A week later the 84th entered the Húglí, and landing on the 20th, marched to the quarters assigned them at Chinsurah, twenty miles north of Calcutta. The Government immediately transmitted orders to Colonel Mitchell to march his regiment, the 19th N. I., from Barhámpur to Barrackpur.

In the interval the Court of Inquiry, referred to in the last chapter, had, as already stated, taken evidence, and on its report the Governor-General in Council had resolved to punish the sipáhís by disbanding the regiment. Previous experience of that punishment had proved that it was at best but a clumsy device. It was especially ill-adapted to the actual circumstances, for it would distribute over areas already partially infected a thousand men who regarded themselves, and who would be regarded by others, as martyrs for their religion.
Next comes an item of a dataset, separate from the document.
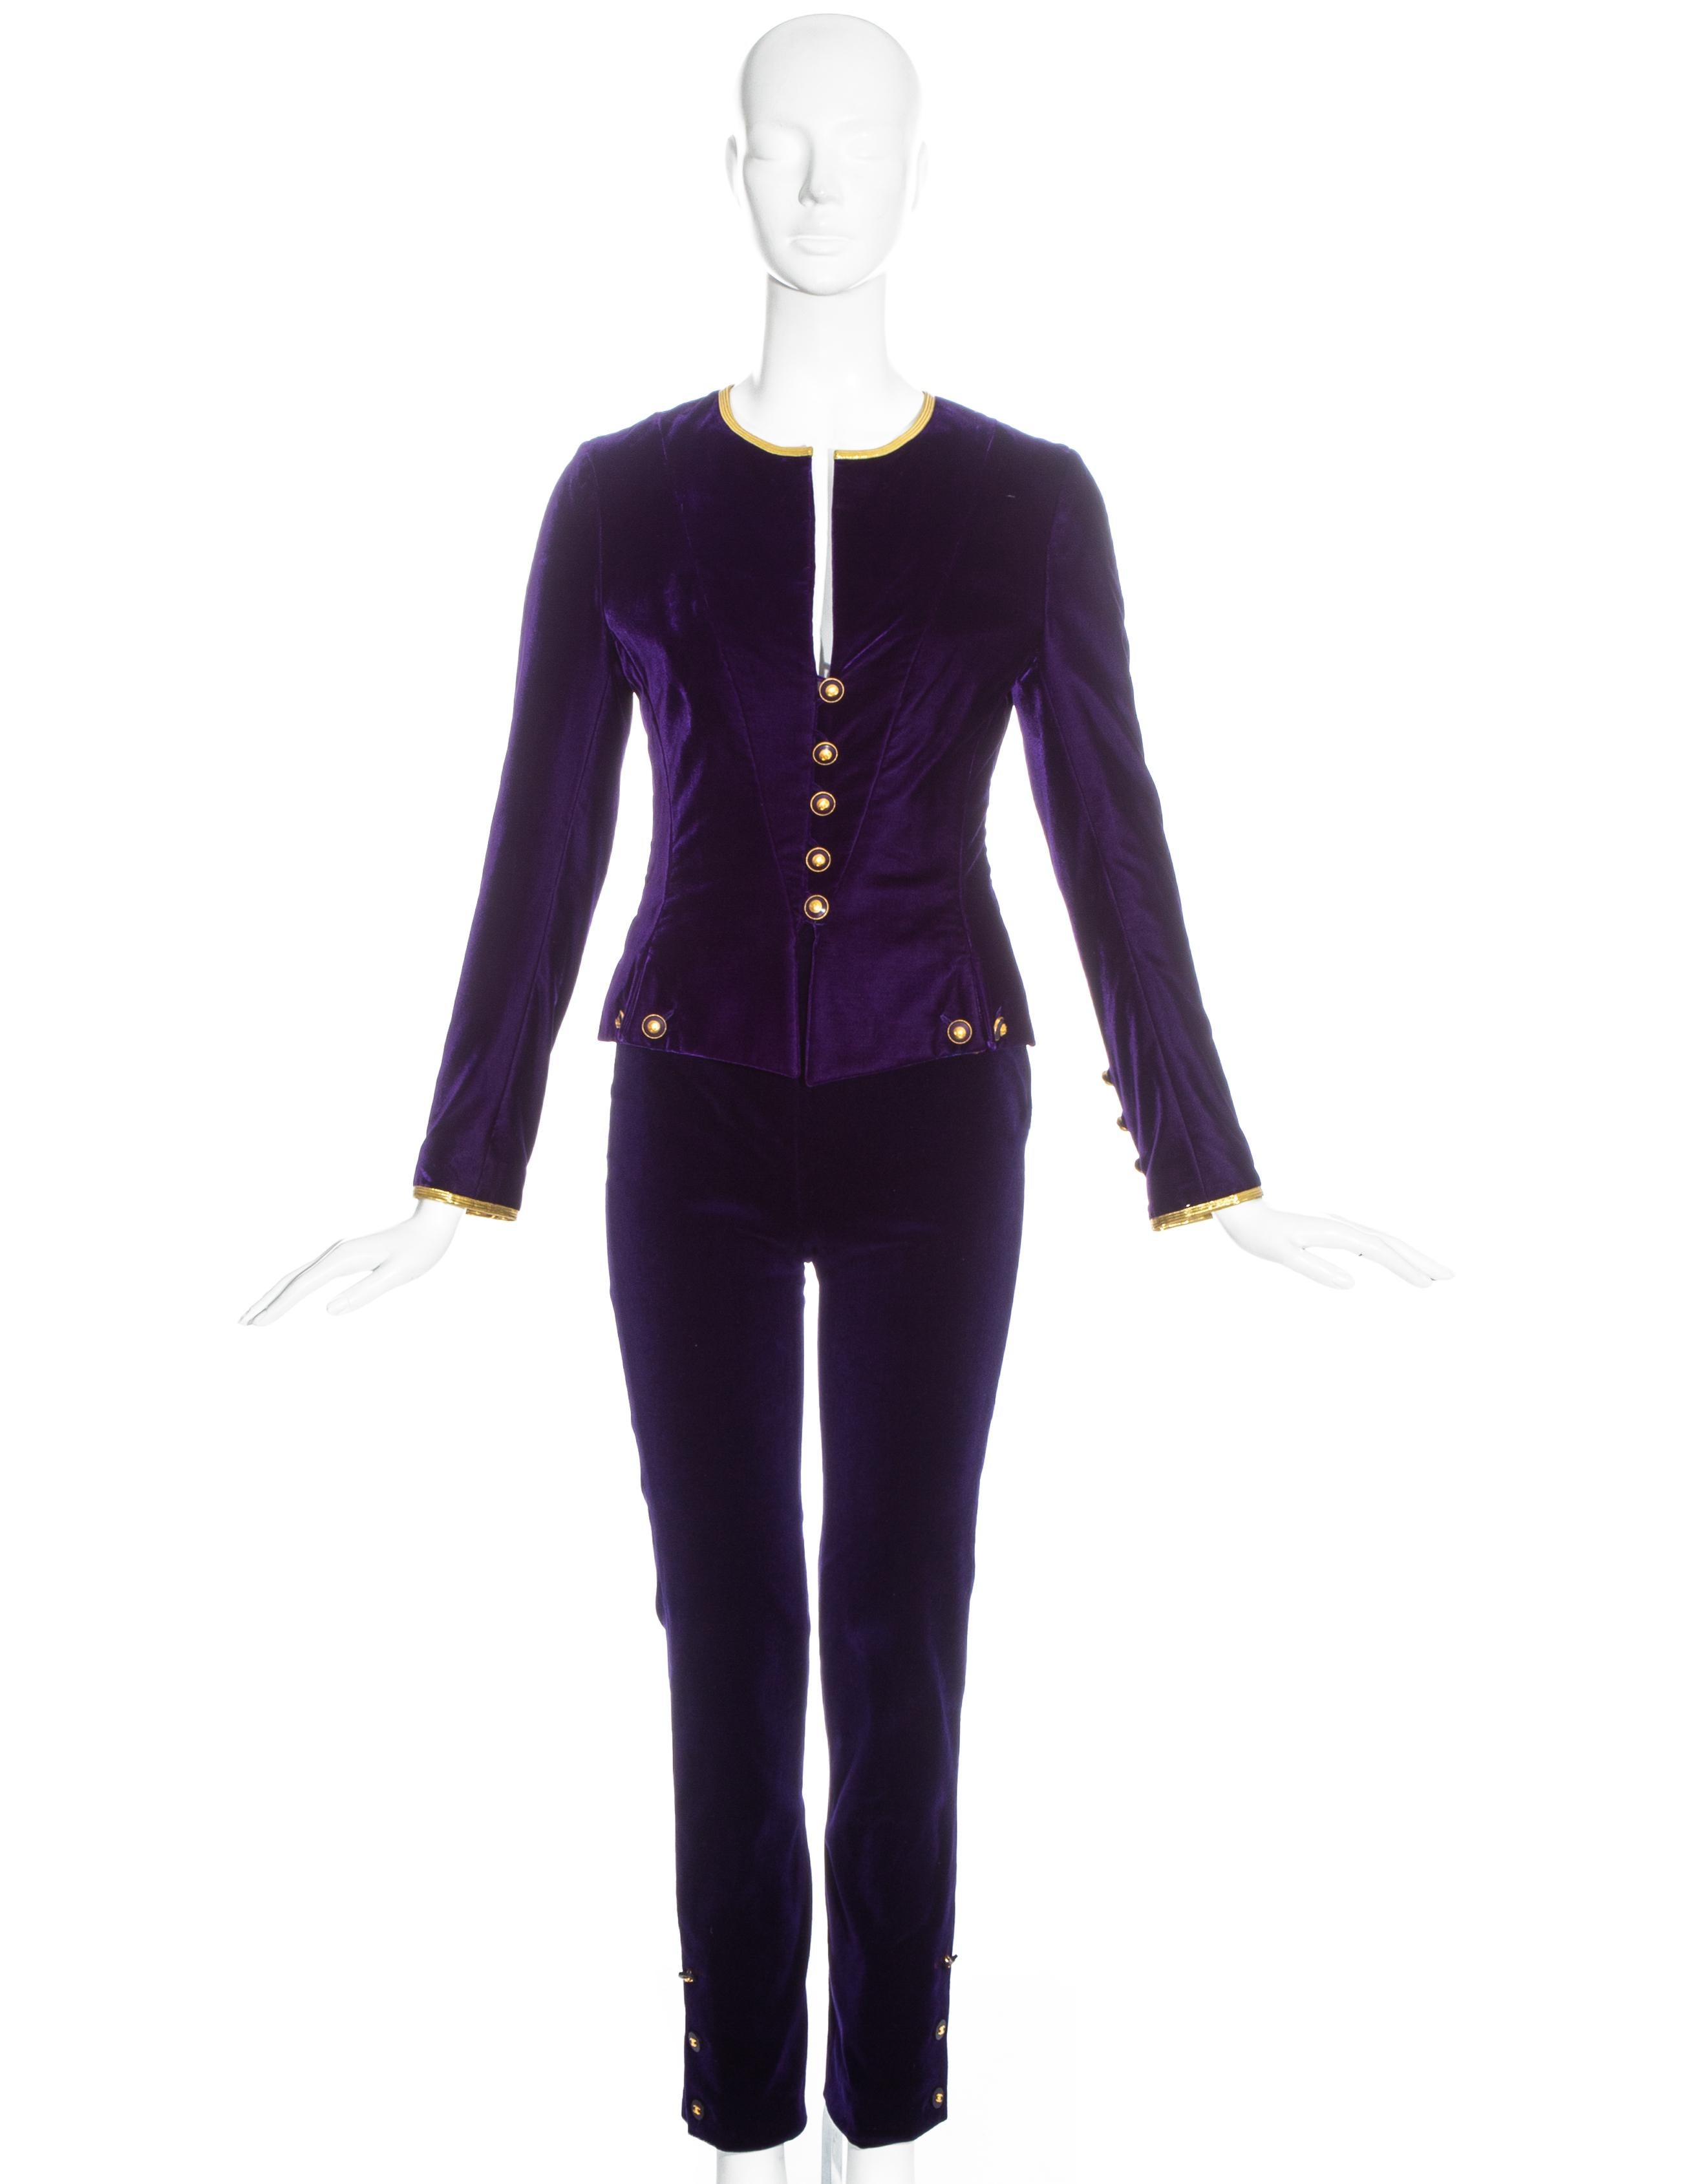 Chanel by Karl Lagerfeld, purple velvet pant suit comprising: fitted jacket with metallic gold trim, gold chanel button closures and silk lining; high waisted fitted pants with chanel button closures on the side. 

Fall-Winter 1993

But in the Council of Lord Canning there was not one man upon whom had been bestowed the divine gift of imagination. No other remedy presented itself to their matter-of-fact minds. So the order for disbandment was issued. It was hoped that the impressive ceremony of disbandment, carried out in the presence of four native regiments, and supervised by their English comrades, would produce a great effect. But, unhappily for the theories of those in high places, an event took place at Barrackpur, before the arrival of the 19th there, which proved conclusively that the evil, which the disbandment of the 19th was to cure, was far more widely spread and deeply rooted than any official had conceived.